# Anyone heard of Tribolin '75'



## REACTION (Oct 18, 2003)

Tribolin 75 (Ranvet) - 10ml vial, 40mg Methandriol Dipropionate, 35mg Nandrolone Deconate. Has anyone used this or know an effective dosage, how long to cycle it for or if I need to stack it with anything. Also wondering if I will need any clomid in the cycle.


----------



## Mudge (Oct 18, 2003)

Deca plus methandriol diprop, looks like some people say the meth is shit.

by Bill Roberts - This substance, used in some Australian veterinary products, is to be avoided by male bodybuilders. It is highly estrogenic, and has no redeeming properties. It is a poor anabolic and the mythical "receptor-cleaning" properties that have been claimed for it are pure fantasy.

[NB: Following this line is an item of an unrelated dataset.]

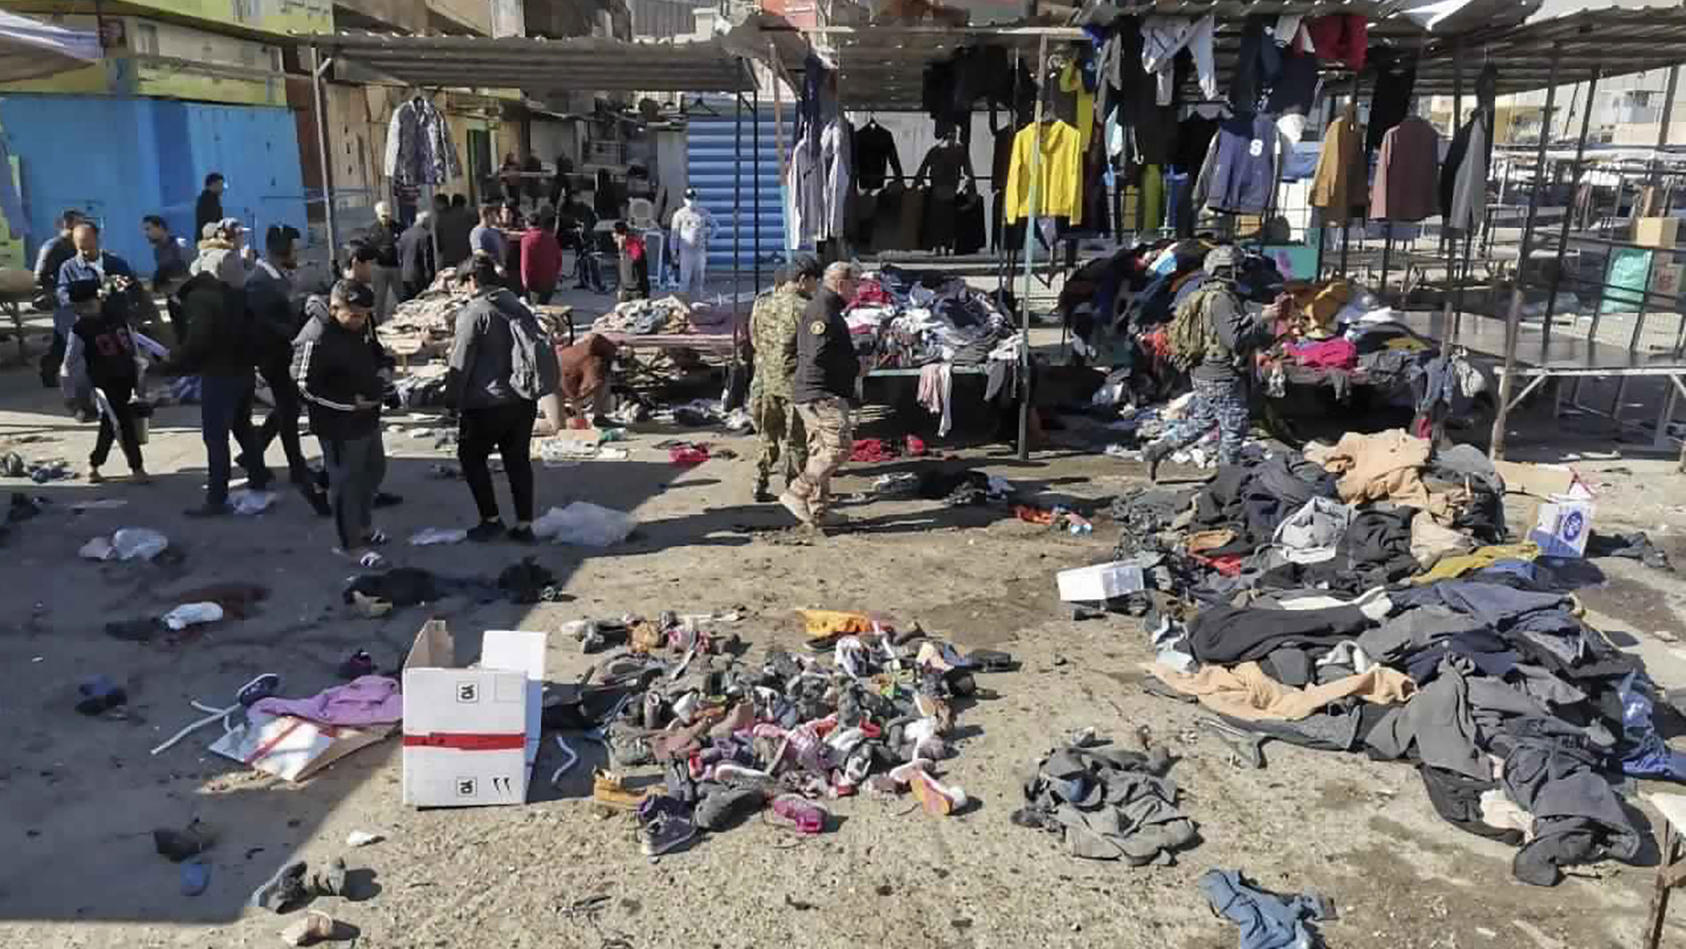 21.01.2021, Irak, Bagdad: Menschen und Sicherheitskräfte gehen in der irakischen Hauptstadt am Ort eines tödlichen Anschlags, einem Markt, auf dem gebrauchte Kleidung verkauft wurde, an auf dem Boden verstreuten Kleidung und Schuhen vorbei. Bei zwei 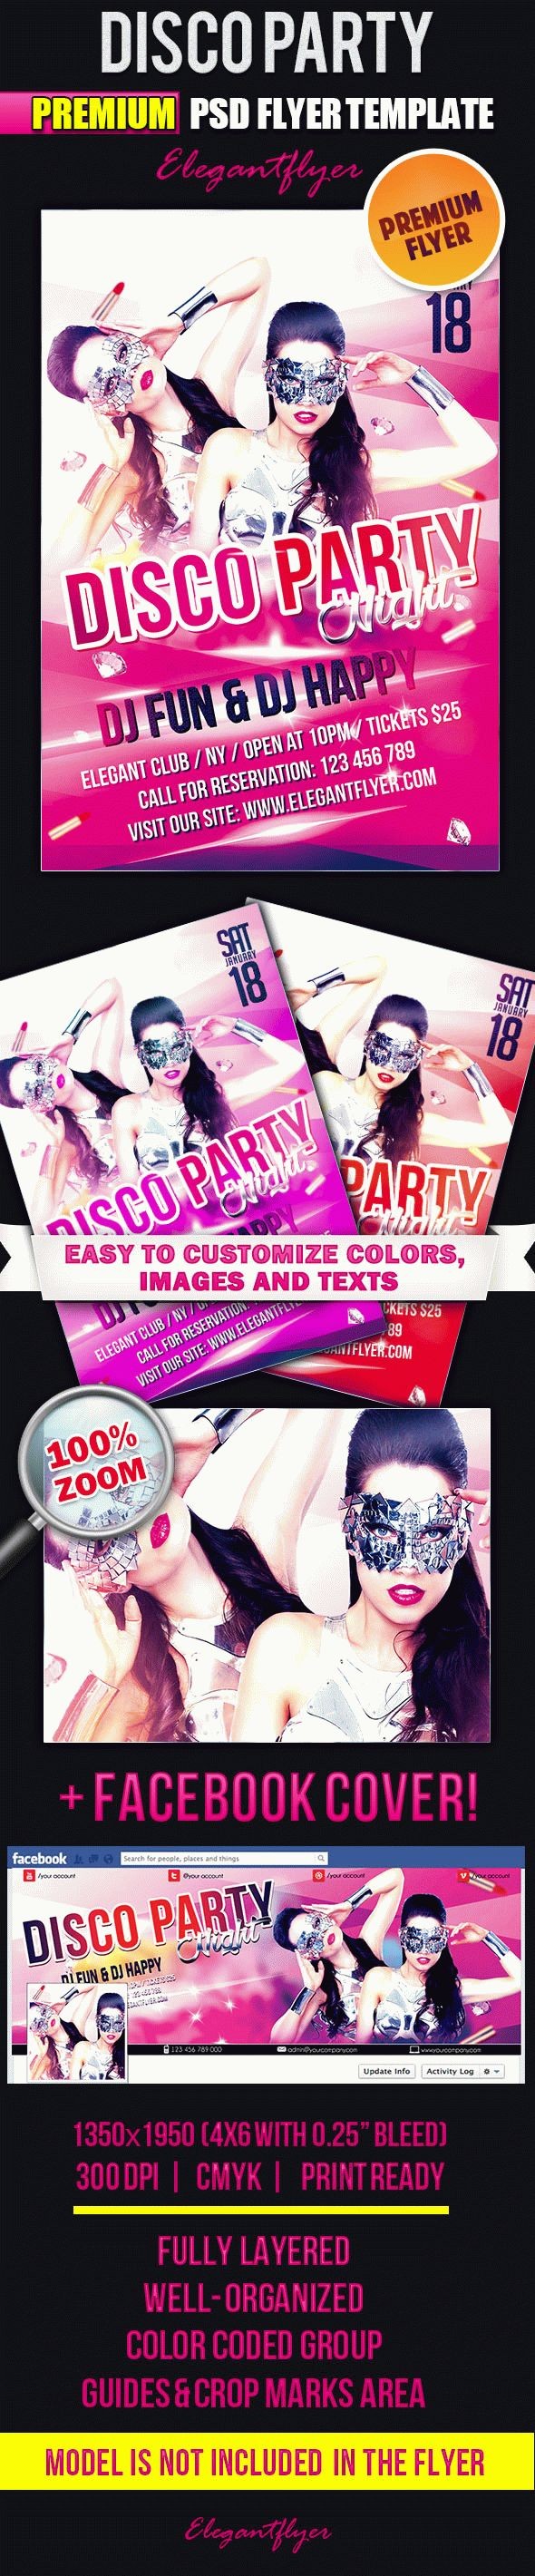 Disco Party Flyer by ElegantFlyer

An antiaromatase would not correct the estrogenic problems of this drug, since it is directly estrogenic, not requiring conversion by aromatase. An antiestrogen such as Clomid would probably help, but since methandriol is a poor anabolic anyway, there is no point to a methandriol/Clomid stack.

Suggested dose for methandriol diprop is 100mg every 2-3 days.

What do you mean do you need clomid, did you want to recouperate or were you going to be on permanently? If you want to wait for your body to come back on its own it could be a year, maybe longer. But I think clomid by itself sucks, if I touch it at all any longer its with nolvadex and no more than 50mg a day past the first week, I hate it.


----------



## REACTION (Oct 19, 2003)

Thanks for replying mudge! Gee that write up does not sound good at all. Basically this is my first cycle and I do not know much apart from the research that I have done on the net. Every one seems to use an anti-estrogen in their cycles so thats why I referred to the clomid. I've had two shots so far - 2mg each time. Been feeling a good pump but no gains yet. 
My stats: I weigh 140lbs but can bench 155lbs. Don't know my body fat % but I am very lean also have a fast metabolism. Love to train hard and working on consuming adequate building amounts of food. 20 years old, been training for 3 years.
Can you recommend a good first cycle for me from that? Also I have 6mg of Tribolin left - should I use it or not? Also what do you think of drive?


----------



## Mudge (Oct 19, 2003)

I would stick to what people use, your item I had never even heard about other than the deca. Test by itself is fine for a first cycle, enanthate or cypionate.

Food is going to be a big thing for you though, I hope you have your diet written down as well as you plan for caloric increases.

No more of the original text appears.